OpenAI’s tools use this mechanism to decompose the various parts of the model. First, it feeds a text sequence into the model being evaluated and waits for a certain neuron to "fire" frequently. It then "shows" these highly active neurons to GPT-4, and lets GPT-4 generate an explanation. To determine the accuracy of the interpretation, it feeds GPT-4 some text sequences and asks it to predict or simulate the neuron’s behavior. It then compares the behavior of the simulated neurons to the behavior of actual neurons.

"With this approach, we can basically generate some preliminary natural language explanations for each neuron, and also have a score that measures how well those explanations match actual behavior." OpenAI Scalable Alignment "We use GPT-4 as part of a process to generate interpretations of what the neuron is looking for and assess how well those interpretations match what it actually does," said team leader Jeff Wu.

Research We were able to generate explanations for all 307,200 neurons in GPT-2 and compile them into a dataset that is released as open source on GitHub along with the tool code. Tools like this may one day be used to improve the performance of language models, such as reducing bias or harmful speech. But they also admit there's still a long way to go before it's truly useful. The tool is confident in its interpretation of about 1,000 neurons, a small fraction of the total.

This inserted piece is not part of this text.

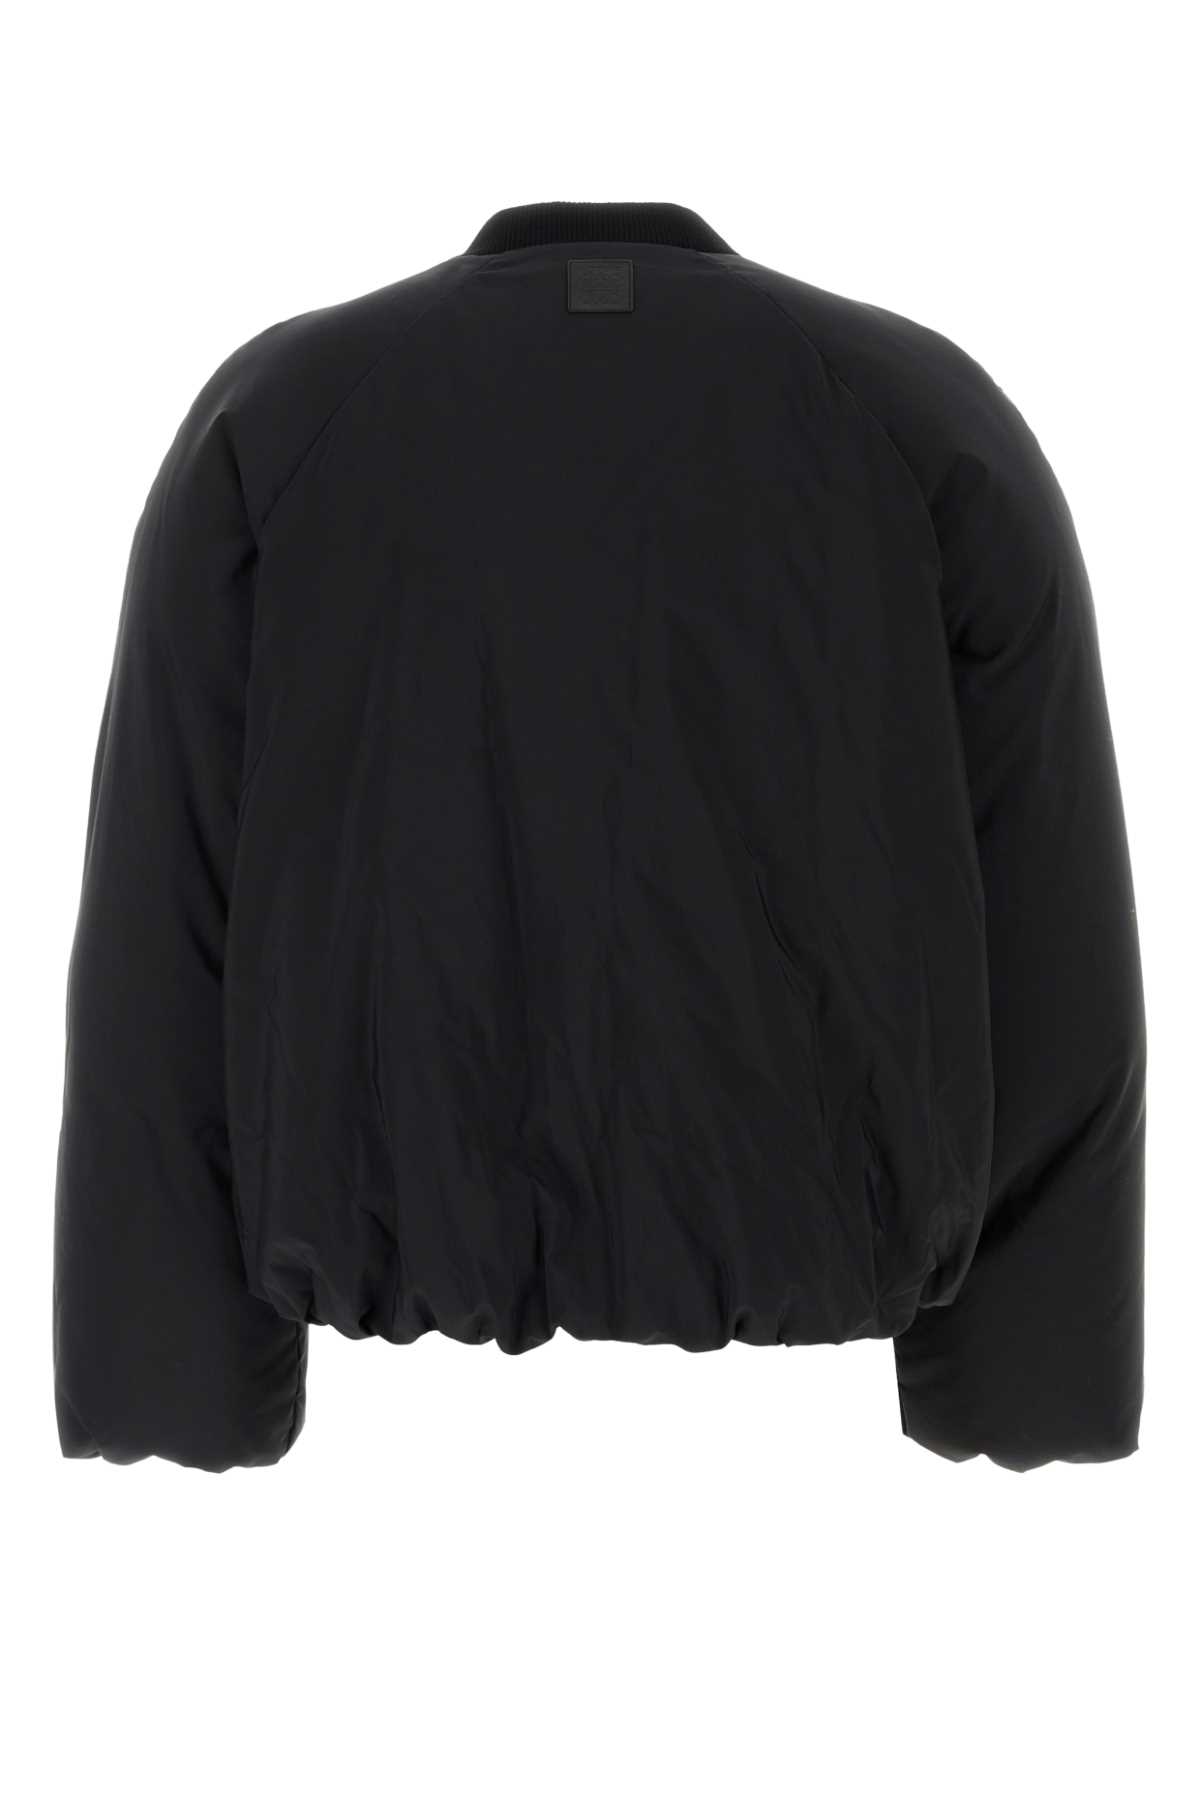 Shop Loewe Black Cotton Blend Padded Jacket

One might argue that this tool is actually an advertisement for GPT-4, since it requires GPT-4 to run. But Wu says that’s not the purpose of the tool, that its use of GPT-4 was “accidental” and that, instead, it shows GPT-4’s weakness in this area. He also said that it was not created for commercial applications and could theoretically be adapted to other language models besides GPT-4.

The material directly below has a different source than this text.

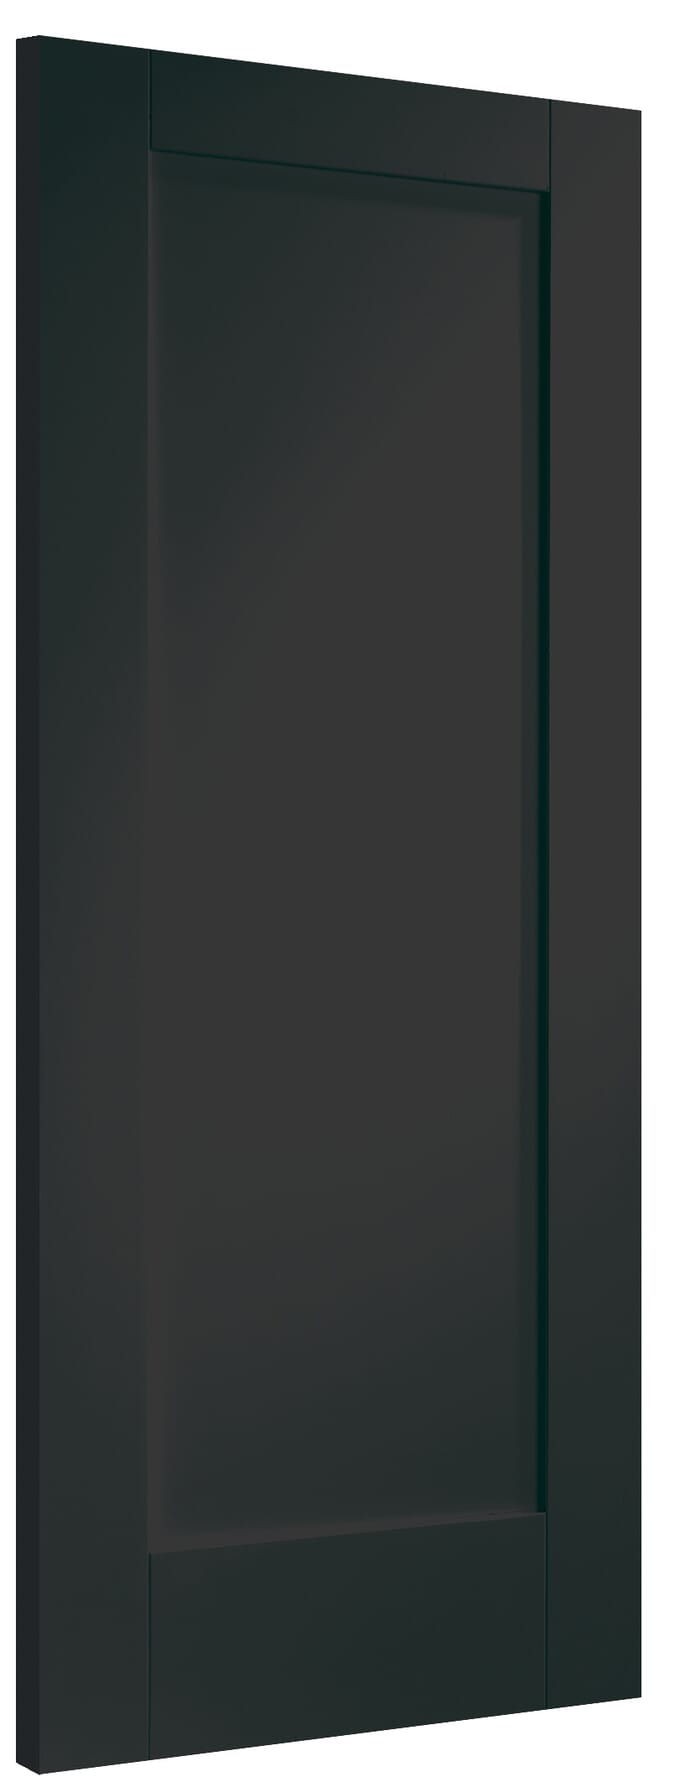 762x1981x44mm (30") Pattern 10 Cosmos Black Internal Doors

“Most of the explanations received very low scores, or didn’t explain much about the actual neuron behavior,” Wu said. “It’s hard to tell how many neurons are active—for example, they behave in five or six different ways. is activated on something, but there is no obvious pattern. Sometimes there is an obvious pattern, but GPT-4 cannot find it."

Not to mention more complex, newer, larger models, or that can browse the web Get information from the model. But for the latter, Wu believes that browsing the web won't change the basic mechanics of the tool too much. It only takes a little tweaking, he says, to figure out why neurons decide to make certain search engine queries or visit specific websites.

"We hope this will open up a promising avenue to solve the explainability problem in an automated way that others can build on and contribute to," Wu said. We were really able to have good explanations of the behavior of these models.”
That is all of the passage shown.